In 2007 I moved to the UK, wanting a break from my life in Taiwan but also to try living in a different culture, assuming that I would be able to buy decent Chinese or Taiwanese food but it was impossible. In Taiwan we have the awesome night markets where you can pick up many local delicacies but in the UK we have nothing. There are a few so called celebrity Chinese/Taiwanese chefs on the TV but their food is nothing like what I eat in my culture. I became and am still dismayed about it

These so called Eastern chefs say their dishes are prepared as they are because one can’t buy the right ingredients in this country but you really can. I live in Edinburgh and have done so for two years but the recipes throughout my blog are 99% authentic and everything was bought from Sainsburys/Asda and my local Chinese supermarket (which is a really basic Chinese supermarket).


So, the purpose of this blog is to prove that one can make truly authentic Eastern food at home. I love storytelling and in Eastern cuisine many dishes have a story behind them.
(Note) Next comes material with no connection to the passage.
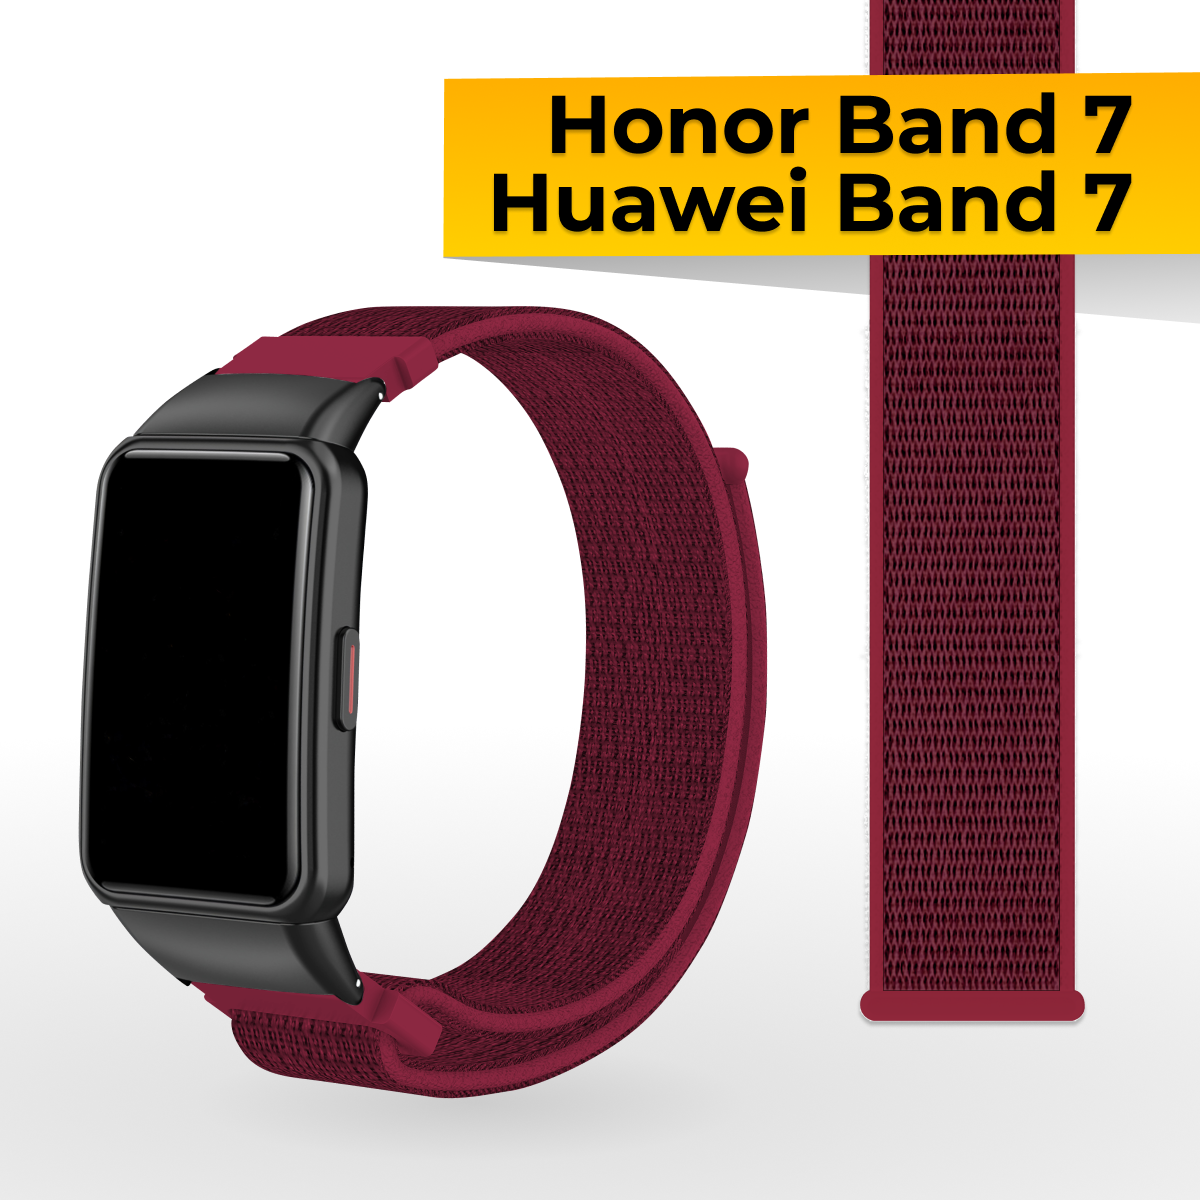 Нейлоновый ремешок для Huawei Band 7 и Honor Band 7 / Спортивный тканевый браслет на липучке для смарт часов Хуавей Бэнд 7 и Хонор Бэнд 7 / Малиновый

Whether it’s Donpo pork, Coffin Bread or Donkey Rolling on the Ground, everything has history. And as I will keep emphasising, I spent 25 years eating these dishes in the local markets in Taiwan, where people speak virtually no English, yet I can make them here.

I believe that because I can source ingredients to make truly authentic eastern dishes, which are fun to read and look at but most importantly incredibly tasty, I believe I can win food blog as I’m passionate food and it has really helped my life. I went from a really bad childhood to working in one of the top restaurants in beautiful Edinburgh and I hope my blog can be used to inspire people.